Yes, we all try to do that. But are we doing it properly? Obtaining valid and reliable results from surveys requires good quality data, but poorly designed, lengthy, and boring surveys cause respondents to disengage, leaving us with bad data and incorrect action outcomes. Bad data wastes our time and our money.

When we look at the data quality of surveys, we’ve got to wade through different kinds of people participating in the research. First, we desperately need to find the Lazy Larrys. We need to find the people who are masking themselves as someone else. We want to find bots that are randomly choosing any answer option. And, as much as we don’t want it to happen, we need to find people who will say anything in a survey to get to the tiny pot of gold at the end.

At the same time, we must recognize that there are a lot of good, honest, hard-working people who are trying their best when answering surveys. Good Faith Gail leads a busy life. She goes to work every day, takes the dog for walks, cooks and cleans for a family of five, cares for her aging mother, and parents the little ankle biters that for some strange reason constantly want mommy’s attention. Unfortunately, all of the pieces of her life mean that she can never truly pay complete attention to our surveys. As a result, she sometimes makes mistakes in her answers. She doesn’t mean to; it just happens.

What we really need to do is figure out how to separate Lazy Larry from Good Faith Gail. For this study, we designed a generic cereal survey with many questions from horrid grids and poorly written questions, as well as lots of “select all that apply” questions, open ended questions, rating questions, and more. We gave our 8,000 respondents every possible opportunity to respond to the questions as they wished, and in the end formulated 30 possible errors.

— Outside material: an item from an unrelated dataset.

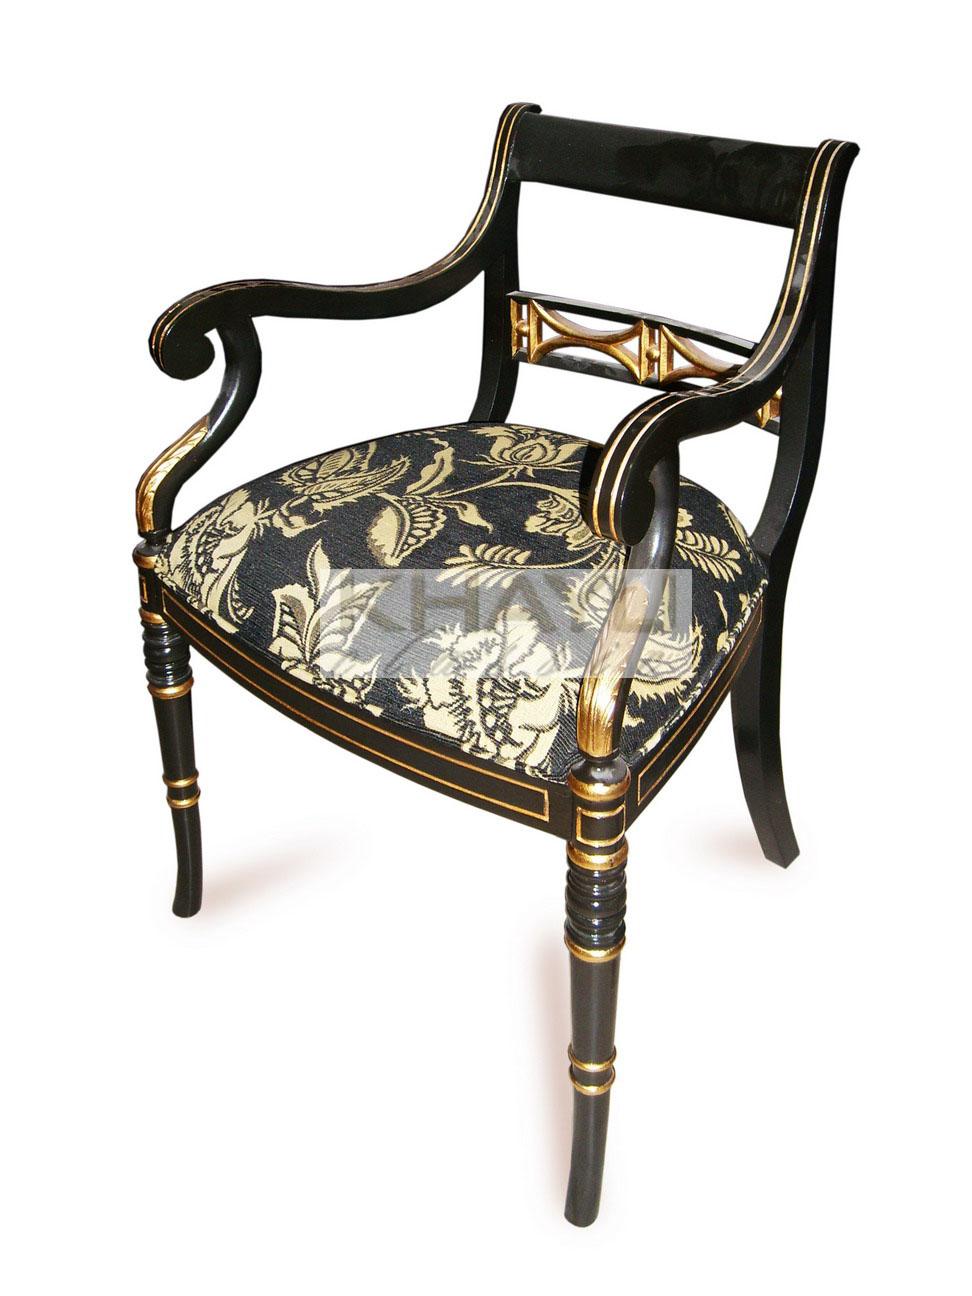 Louis Xiv Reproduction Furniture Khayu Classic Indonesia

The great news is that 23 percent of our respondents made no errors. The bad news is that 77 percent made at least one error. In other words, 77 percent of our survey completes could have been classified as poor quality data and deleted: money in the garbage and increased field times. However, we know this isn’t fair. We know that Good Faith Gail’s responses are in that collection of poor data because she made one or two small errors. We need a way to tease apart the Gails from the Larrys.

To do this, we grouped our respondents into (1) Demons who made many errors and (2) Angels who only made one or two errors. This segmentation gave us the ability to see which errors the Demons tended to make, and which the Angels tended to.

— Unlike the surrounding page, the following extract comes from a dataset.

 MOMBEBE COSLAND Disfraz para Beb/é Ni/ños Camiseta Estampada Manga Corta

Red herring questions are a favorite of researchers. All you have to do is insert a fake answer into one of your questions, and you’ll know that when people choose, for example, that brand name – it can’t possibly be a valid response.

In our survey, people did choose the red herring answer. In fact, about 6 percent of Angels chose a red herring answer and about 15 percent of Demons. That difference of 9 points isn’t great enough to say with confidence that anyone who chooses a red herring is a bad respondent whose data should be removed. The brand names we make up often sound like real brand names or they’re local brand names that don’t show up in a Web search. It would be completely unfair to delete 6 percent of the data just because people chose one red herring.

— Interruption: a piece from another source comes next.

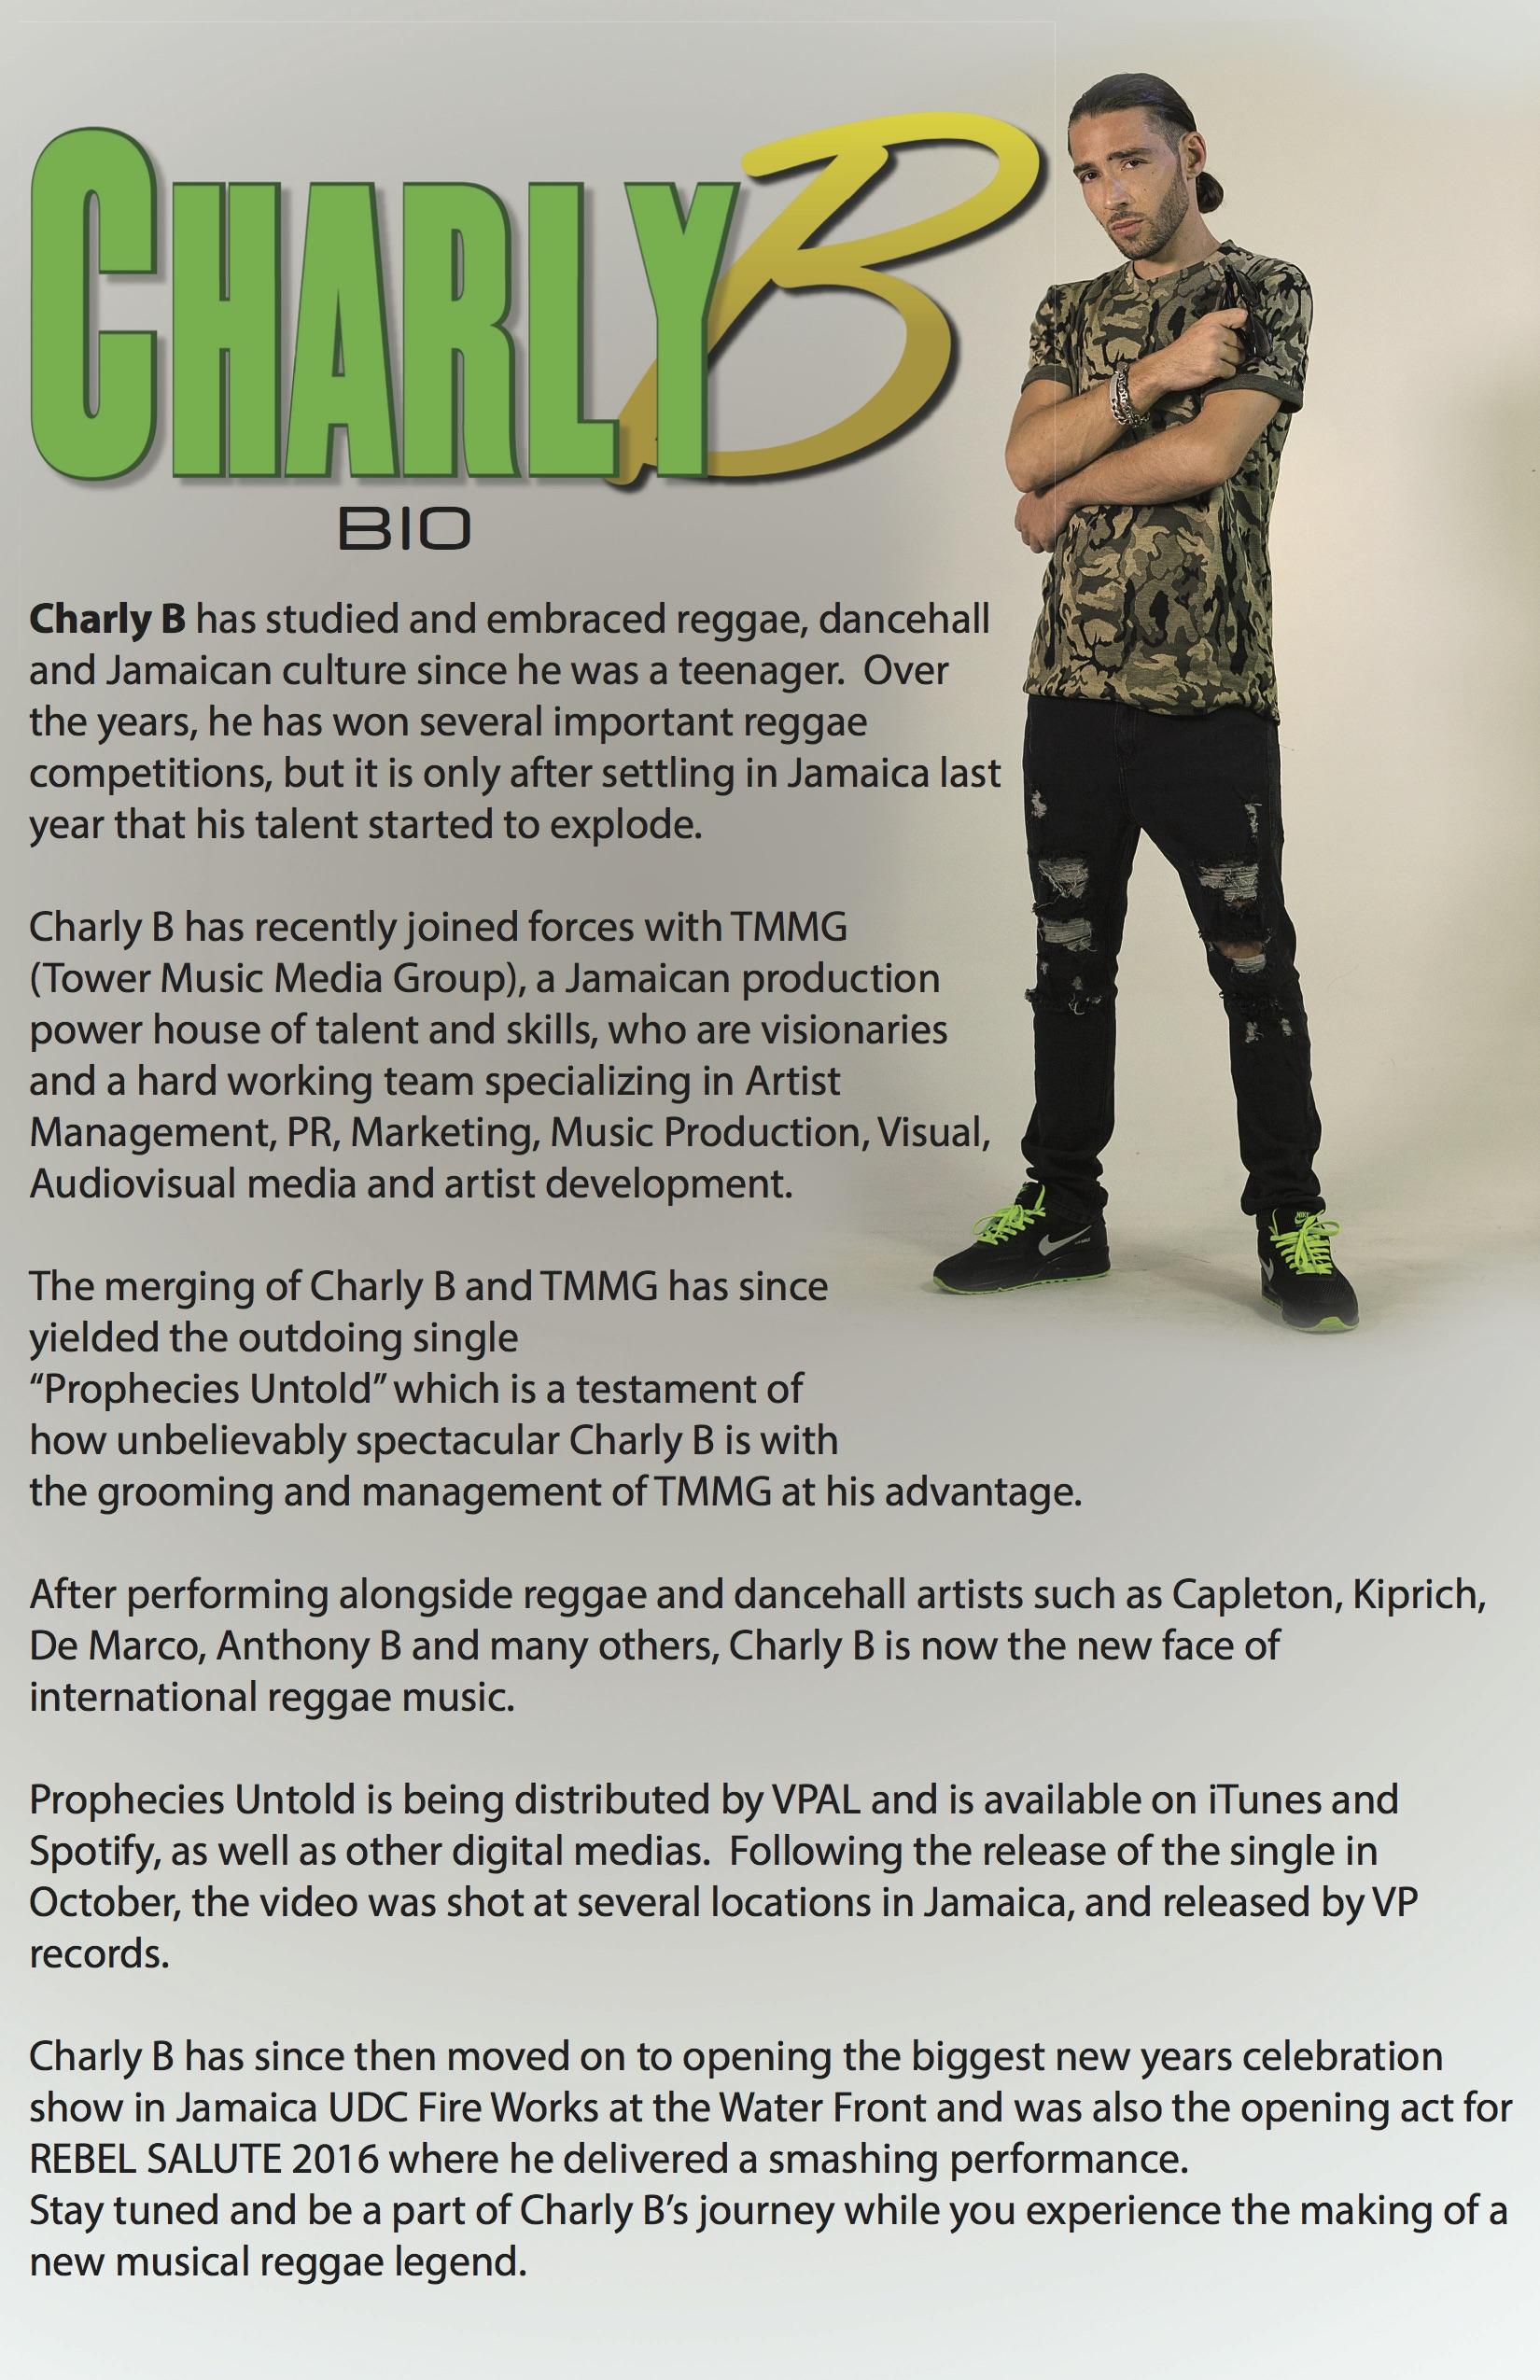 Charly b Biography

But here’s a completely different story. When we identified people who selected two red herring answers, it became clear who the Angels and Demons were. Only 1 percent of Angels chose two red herrings, while 40 percent of Demons did the same. This is a great indicator of poor data quality.

Speeding is another of our favorite data quality measures. In this study, about 8 percent of Angels and 40 percent of Demons were in the fastest half of the normal curve. That alone is a nice difference between the groups, but I really don’t like deleting 8 percent of Angels just because they are computer literate, can type well, can read quickly, and have experience answering surveys.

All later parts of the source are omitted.